In addition, as part of risk assessments employers and technology developers need to ensure clear liability paths for system component malfunctions exist

The right to shared control of workers’ data and algorithmic transparency

Digital technologies are built on a foundation of data. This data is either from pre-existing datasets, or is gathered in real-time in the workplace. Often data is gathered from multiple sources and combined. Data sources in the workplace can include:

  • Video-audio recordings
  • Geolocation of vehicles and equipment
  • Data from scanning guns or RFID tags
  • Data from ID cards and electronic key fobs
  • Keystroke monitoring and productivity software
  • Operation/process management software
  • Data from sensors embedded in machinery or vehicles
  • Mobile phone pings, messaging data (emails or sms)
  • Security gates or doors – fingerprint scanners, number plate scanners
  • HR data, including contact information and performance or training data

Much of this data is made by workers while they do their jobs. This data describes a work process and workers as part of the work process. It feeds the algorithms and software which apply criteria to this data to make automated decisions about what is desirable and what is not.

Data that describes workers as individuals or as a collective, and which would not exist without workers’ interaction with a person, a machine or a vehicle, should be considered workers’ data and subject to shared control through negotiation.
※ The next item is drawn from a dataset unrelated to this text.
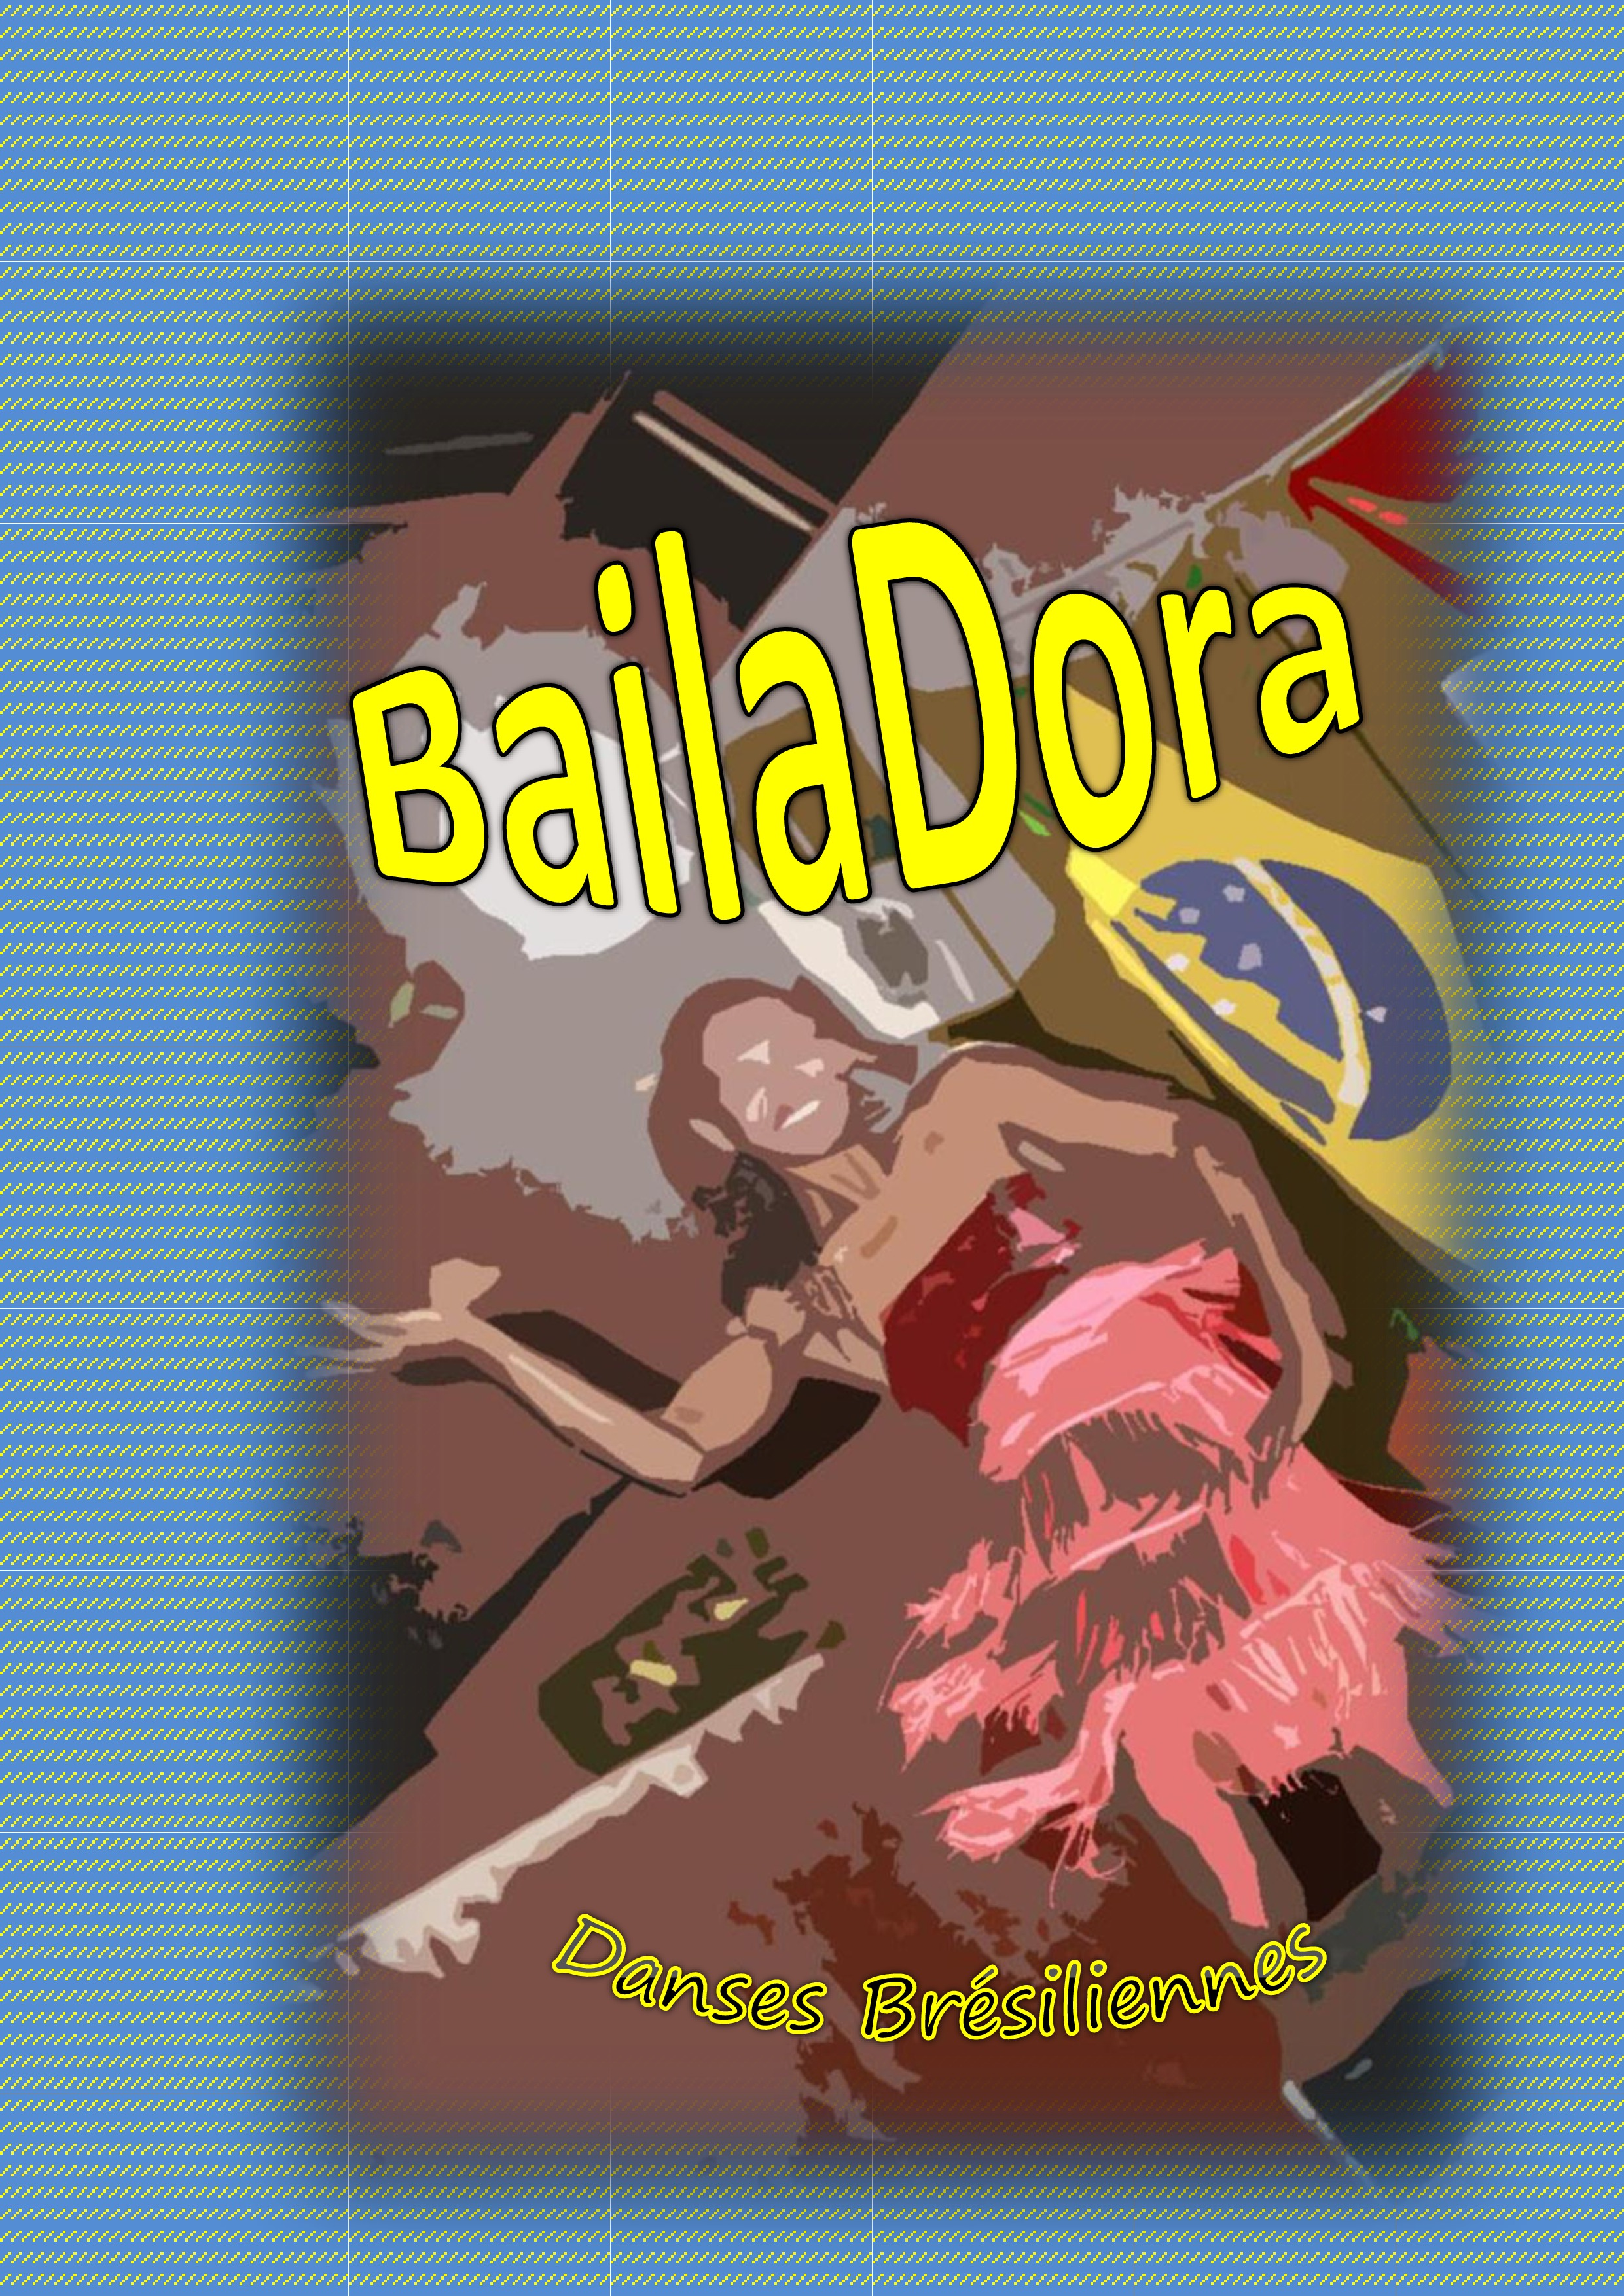 Logo_BailaDora_1-page-0-1466877521.jpg

Once gathered data can then be reproduced freely, and can be easily transferred to third parties or used for purposes beyond those it was initially gathered for.

Most transport workplaces make some use of data, but as our workplaces become more digitalised, data collection and use will inevitably grow. Data therefore has many implications for workers, but is not something that most unions are used to negotiating around.
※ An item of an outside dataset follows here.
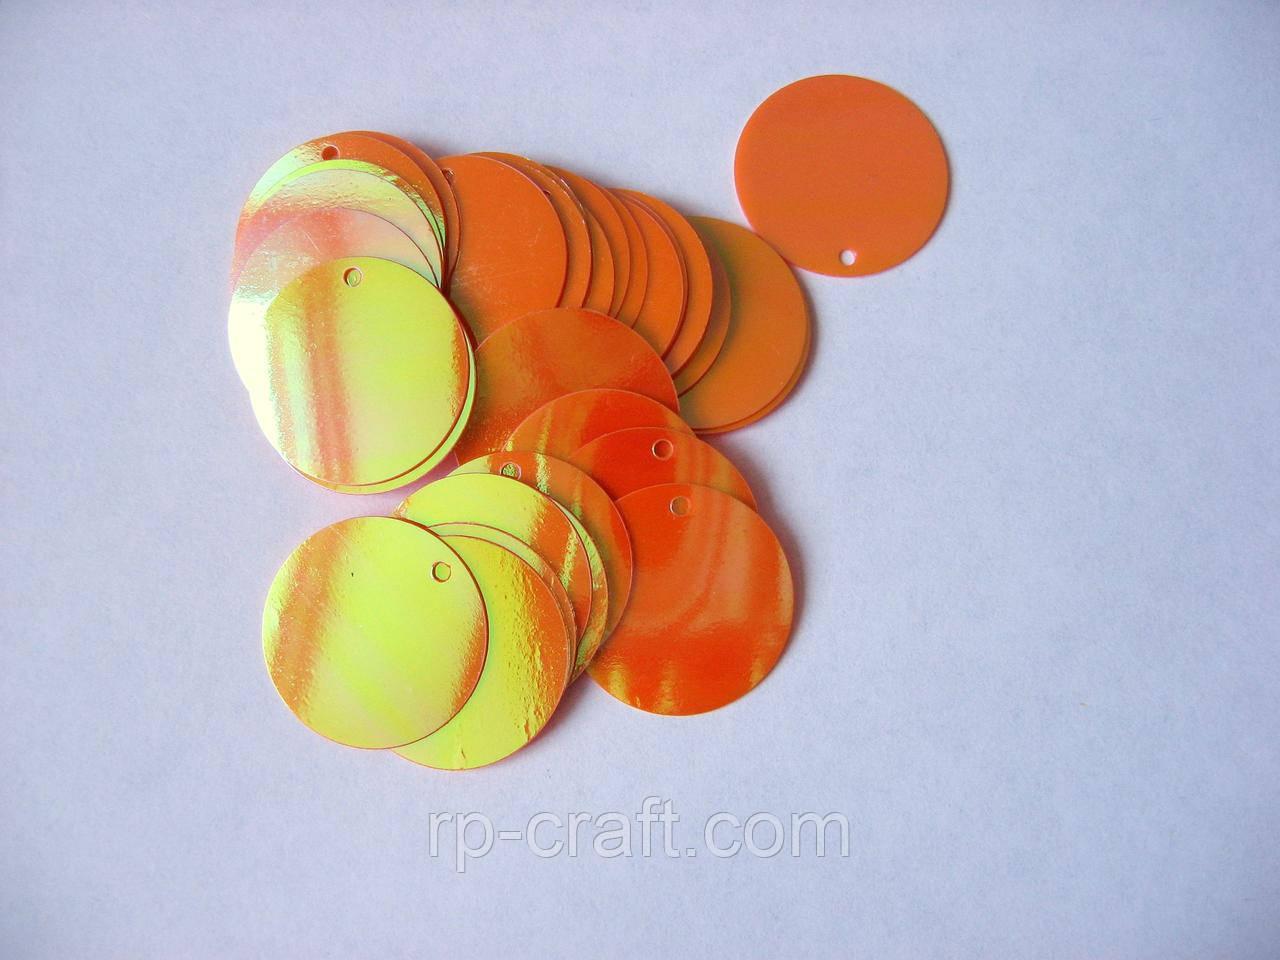 Упаковка паєток. Плоскі, круглі, 19 мм, 5 грам, помаранчеві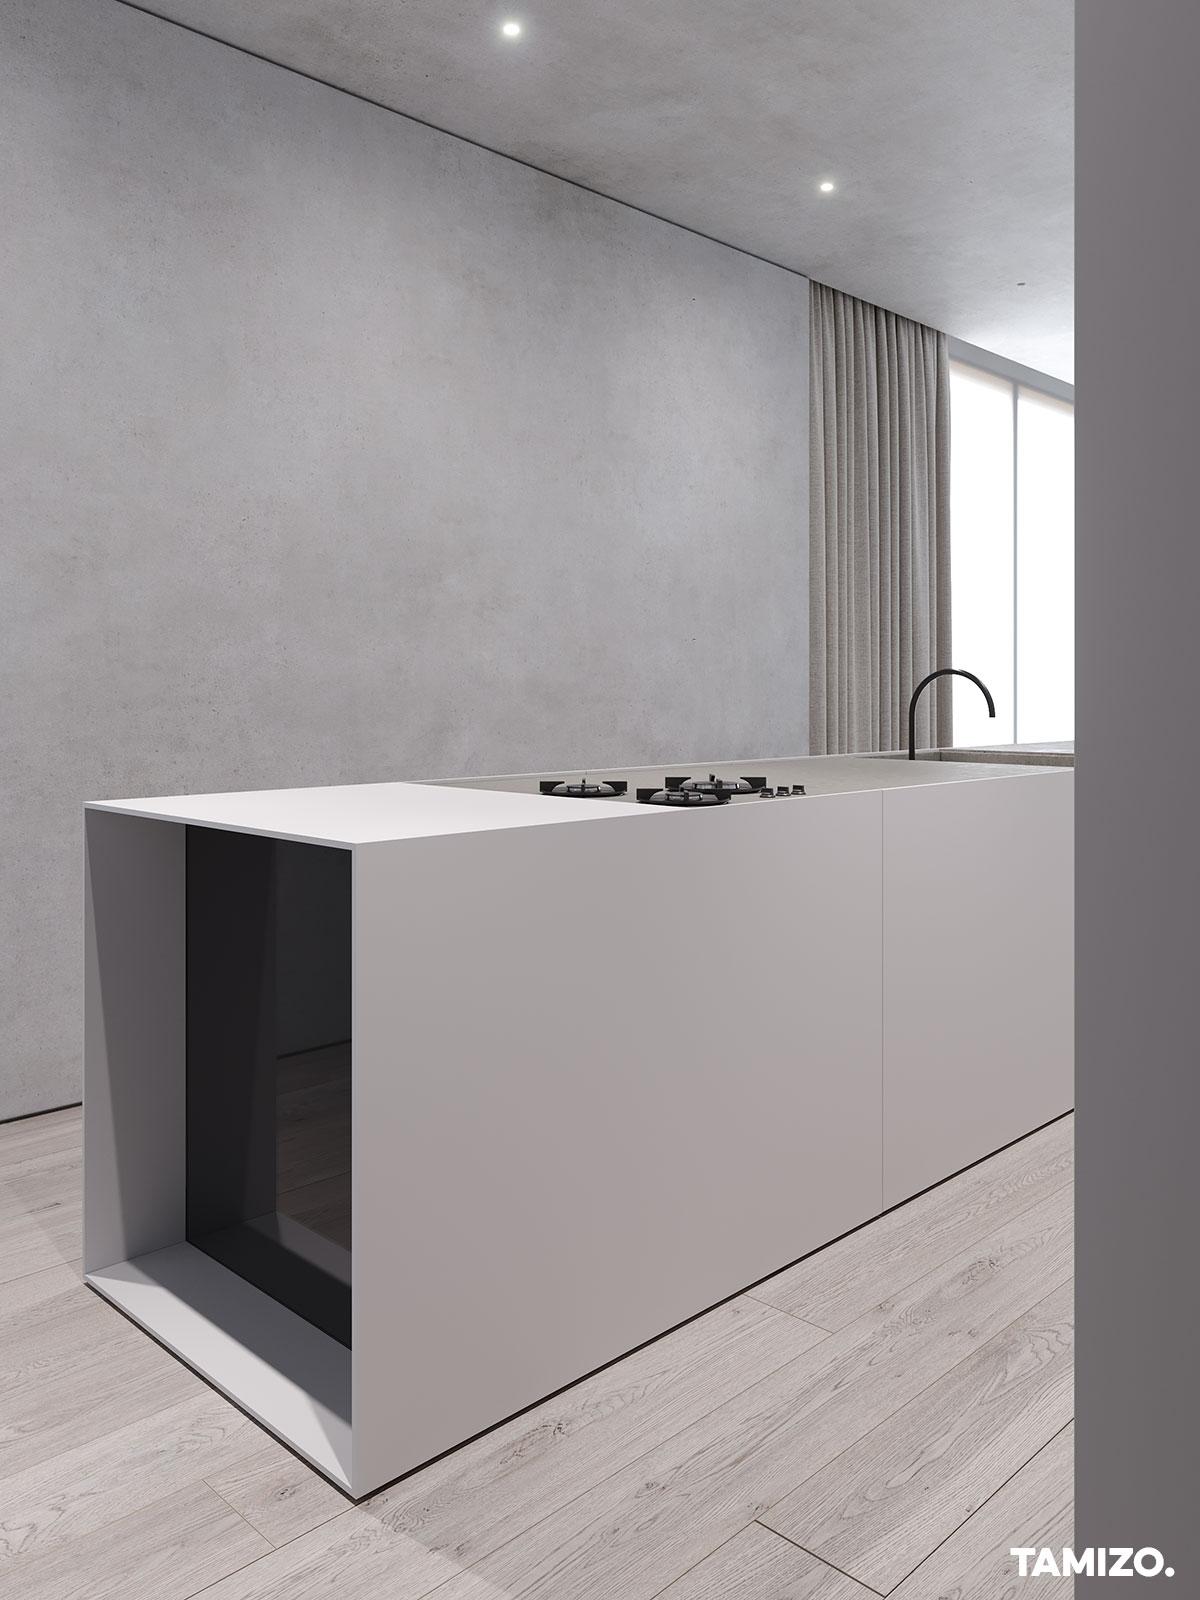 tamizo_architects_mateusz_kuo_stolarski_warszawa_iterior_design_house_minimal_01

In order to successfully negotiate around data and algorithms we need a basic level of transparency, otherwise unions do not know how performance is being assessed.

The foundations for this are:

  • Explanation rights, what data is collected, why is it collected, where is it storied, who can access it, how long is it stored, how the algorithms using it function.
  • A commitment not to sell workers’ data on to third parties.
  • Individual and collective access to datasets and algorithms used to inform AI. 
  • Allowing workers effective control over any biometric or health data and a commitment not to use ‘emotional recognition’ technologies.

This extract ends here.